BACA JUGA: Siram Aspal Saat Hujan, Proyek Ketua Partai Demokrat Matim Diduga Tak Berkualitas

Menurutnya, jika pengerjaan ruas jalan itu ditetapkan pada pembahasan anggaran tahun 2018, mestinya sudah dikerjakan sejak bulan Juli atau Agustus lalu.

Ia mengaku kesal dengan langkah pemerintah mengatur jadwal pengerjaan proyek pengaspalan jalan itu tepat pada musim hujan karena akan berdampak buruk pada kualitas jalan.

“Lebih baik jalan ini tidak diaspalkan saja. Karena, di mana-mana itu, kalau pengaspalan jalan dikerjakan pada musim hujan begini, pasti tidak bertahan lama,” pungkasnya.

Sementara, Kontraktor, Gaspar Enduk membantah laporan warga yang menyebutkan bahwa hanya di tititk tertentu saja digunakan batu lima-tujuh. Ia menegaskan bahwa, dirinya sudah mengerjakannya sesuai dengan Juknis.

“Saya rasa itu tidak benar itu. Semua pake batu lima-tujuh. Kalau kita tidak pake batu lima tujuh, lapennya tidak bagus,” katanya.

Ia juga membantah dugaan kualitas jalan yang buruk akibat aspal baru disiram pada bulan November yang sudah memasuki musim hujan. Pasalnya, dugaan warga, jika penyiraman aspal dilakukan saat hujan, kualitasnya tidak terjamin.

“Kita kerja berdasarkan kontrak. Dan kontraknya masih lama yakni hingga Desember. Kalau kerja lewat dari masa kontrak, memang saya salah. Tetapi, masa kontrak belum selesai selama 150 hari,” ujarnya.

“Kalau soal hujan dan tidak, kita mengerti, kita tau.

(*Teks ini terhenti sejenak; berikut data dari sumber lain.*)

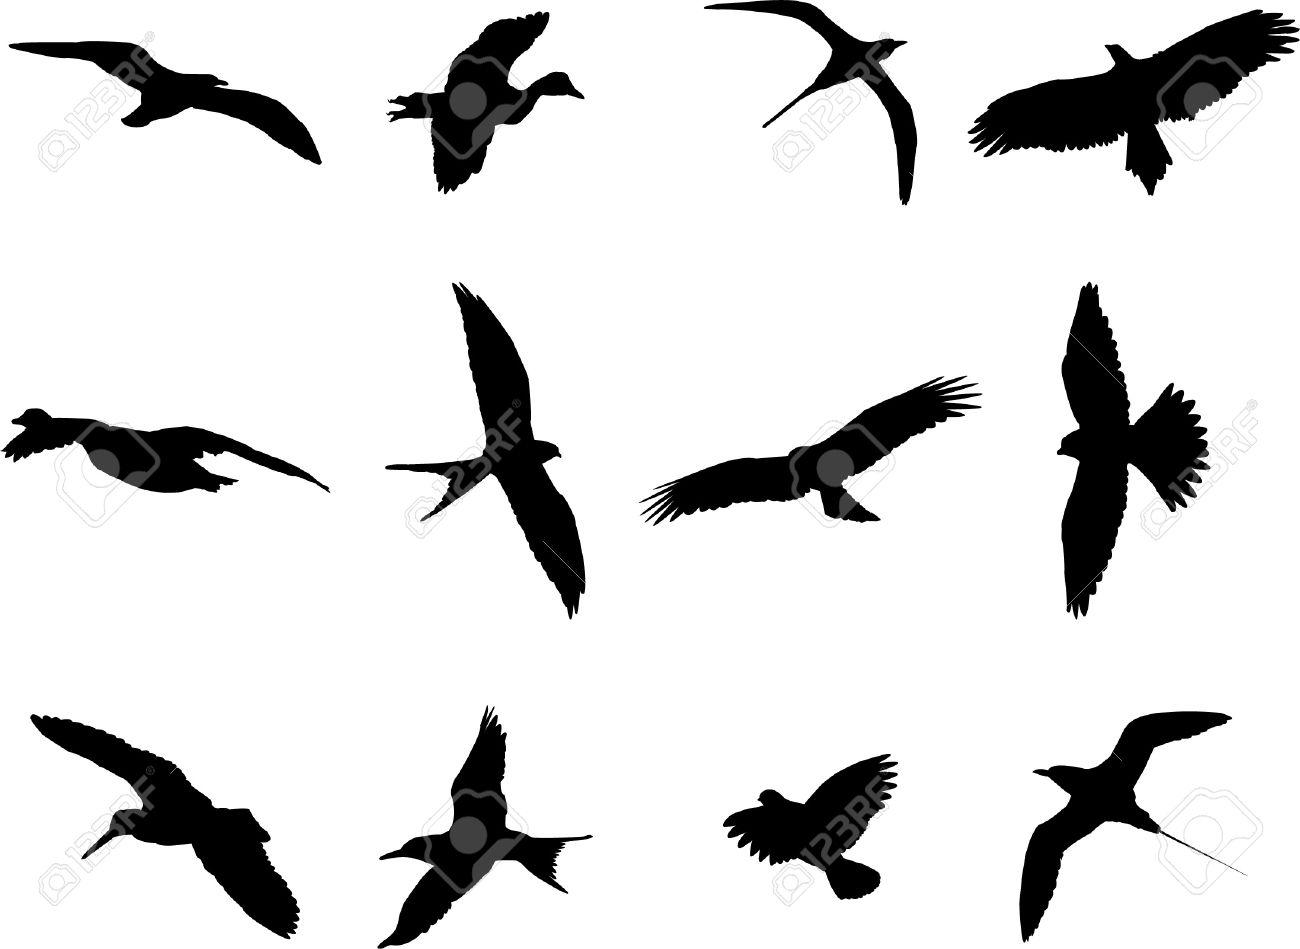 427 Albatross Stock Vector Illustration And Royalty Free Albatross.
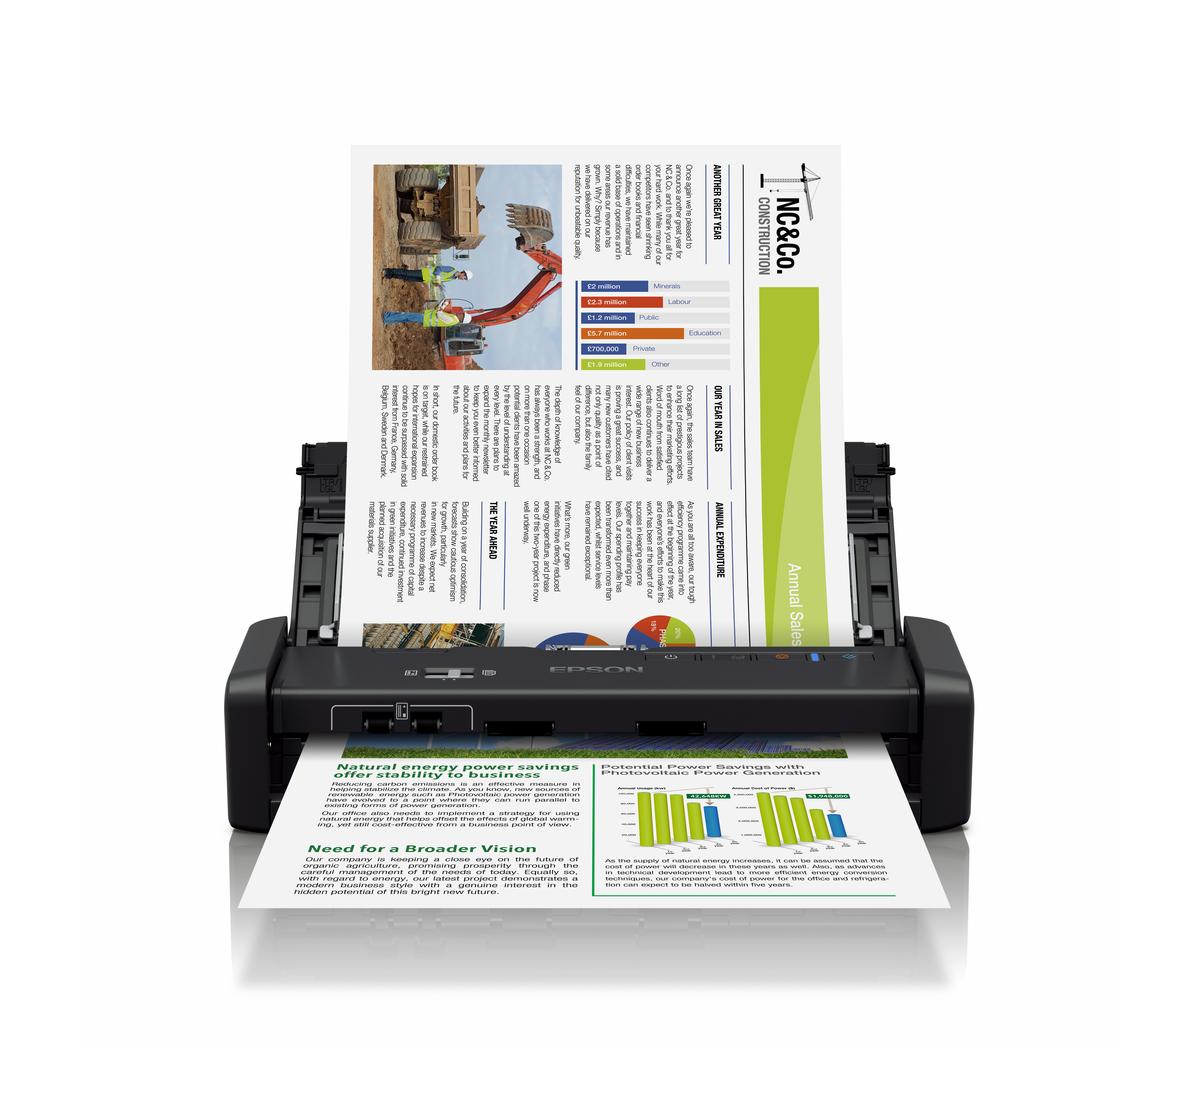 Epson workforce ds 360w wi fi portable sheet fed document scanner epson workforce ds 360w wi fi portable sheet fed document scanner reheart Image collections

Dan, kami masih punya tanggung jawab dalam masa pemeliharaan selama satu tahun setelah masa kontrak,” tambahnya.

Pantauan Floresa.co, Minggu sore, 18 November, tampak pada titik nol pengerjaan jalan tersebut terpajang papan informasi proyek.

Papan Informasi Proyek. (Foto: Floresa).

Pada papan itu dituliskan bahwa proyek milik Dinas PUPR Manggarai Timur itu dikerjakan oleh kontraktor CV Mixuse, dengan konsultan perencana CV Nivunua Konsultan dan pengawasan, CV Graha Duta.

Selain itu dituliskan juga bahwa jangka waktu pengerjaannya 150 hari, dengan total dana Rp 874. 552.161, 96. Sedangkan tanggal mulai dan berakhir serta volume pengerjaan tidak dicantumkan.

Tampak penyiraman awal aspal untuk mengikat batu telford dengan batu 5-7 dan batu 3-5 (krikil) hanya dilakukan pada batas luar jalan yang mau dilapen tersebut. Sedangkan pada bagian tengah tidak disirami aspal.

Selain itu, di sepanjang jalan yang mau diaspalkan itu hanya terlihat satu tumpukan batu 5-7. Tumpukan batu 5-7 itu terlihat sekitar 300 meter setelah batas jalan yang sudah disirami aspal.